The new 'dummy site' consists of eleven signs warning of frequent speed checks – but only one actually has a camera behind it, and drivers have no way of knowing which one. To make things even more difficult, the working camera will be moved around regularly.

The "luring signs" have been installed along a 37km stretch of road in Pas-de-Calais, between Aubigny-en-Artois and Le Parcq, which has been marked out as particularly dangerous. Six people have been killed and 28 others injured there over the past five years.

Following an increase in road deaths two years in a row, the government is hoping to crack down on dangerous driving without having to install more speed cameras. The new dummy sites target those drivers who slow down at the sight of a speed camera but, having safely passed it, immediately put their foot on the pedal.

More dummy sites are to be set up, with 100 dangerous roads to be covered by the end of 2016. The plan is to increase to 1,000 roads, protected by 5,000 dummy camera sites, by the end of 2010.
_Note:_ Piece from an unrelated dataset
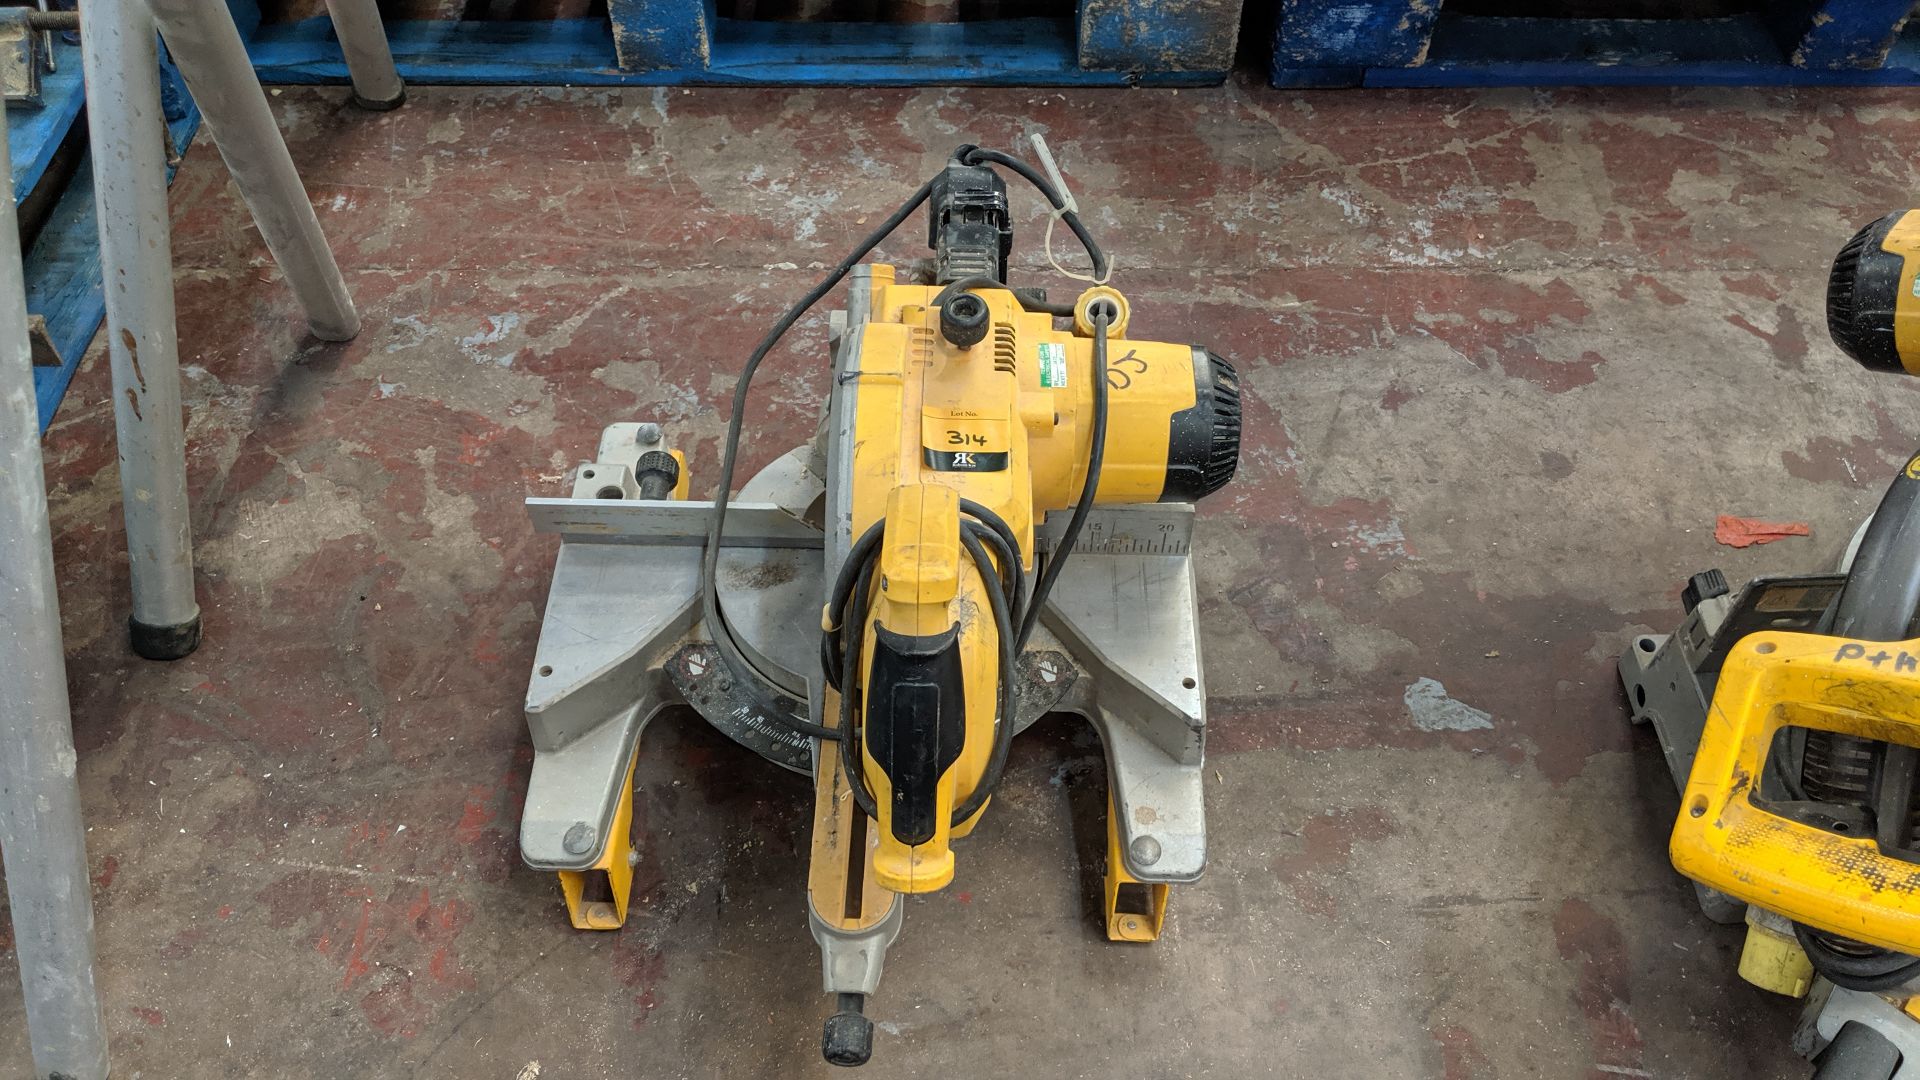 DeWalt 110V DW777-LX mitre saw IMPORTANT: Please remember goods successfully bid upon must be paid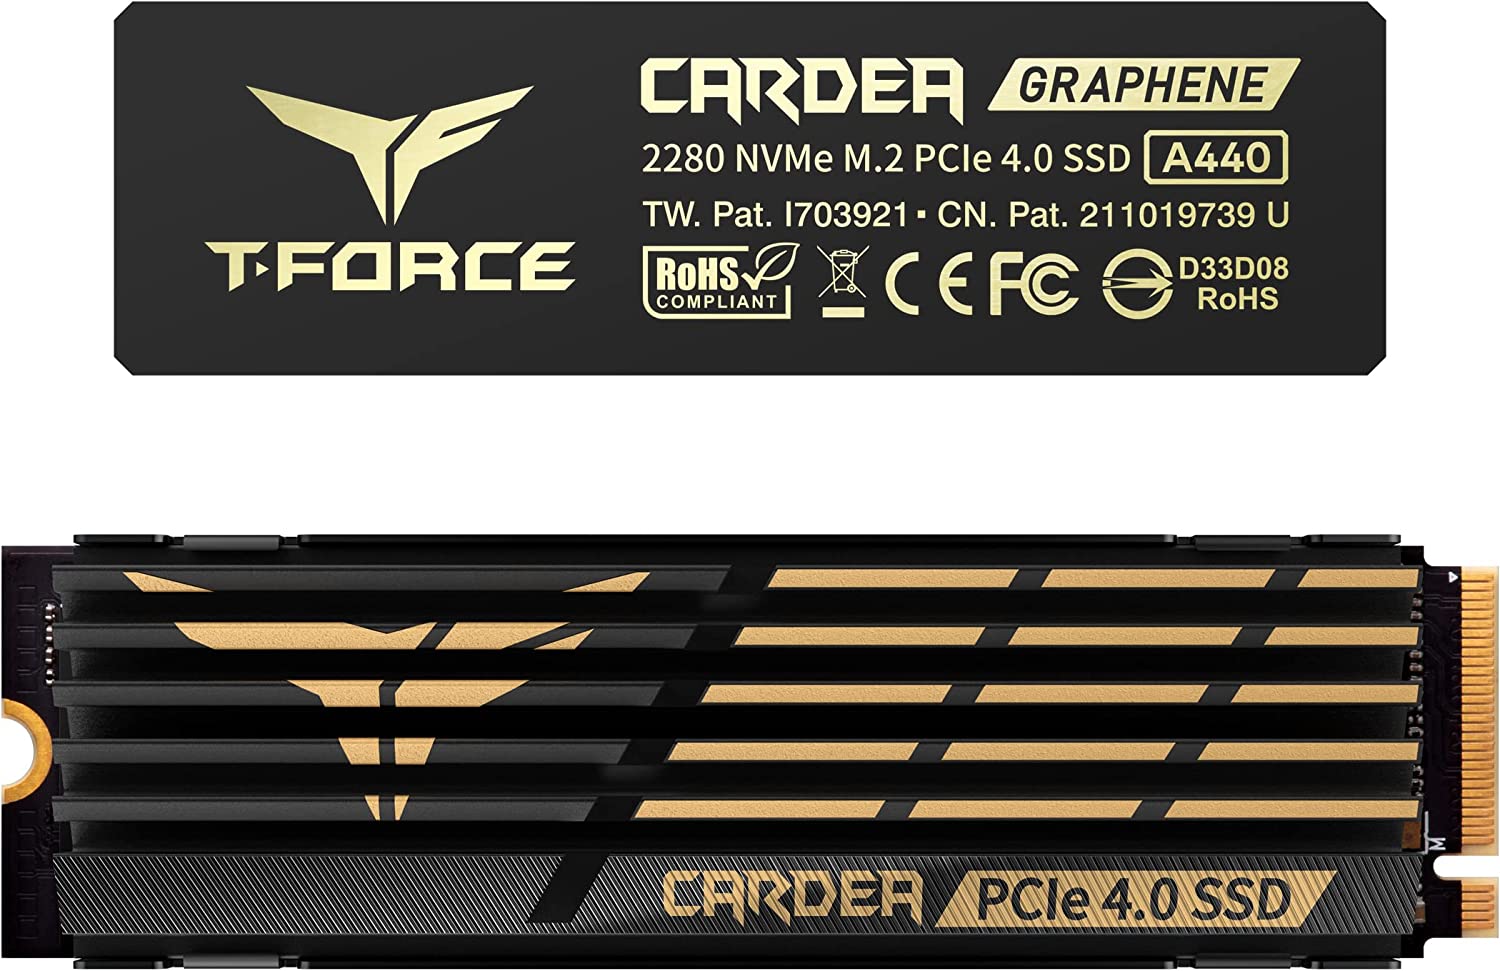 TEAMGROUP T-Force CARDEA A440 Graphene & Aluminum Heatsink 2TB with DRAM SLC Cache 3D NAND TLC NVMe PCIe Gen4 x4 M.2 2280 Internal SSD Works with PS5, $134.99, Amazon and Newegg

However, Pierre Chasseray from organization 40 million motorists, criticized the installation saying the measures would not “resolve traffic incidents”.

The move also met with criticism from the League against Road Violence, whose president described the technology as “obsolete”, adding that some drivers use alarm systems alerting them to the presence of speed cameras.

In January, Interior Minister Bernard Cazeneuve announced that 3,464 people had been killed from road accidents in 2015, an increase of 2.4 percent from the previous year, which he put down to “risky behaviour”.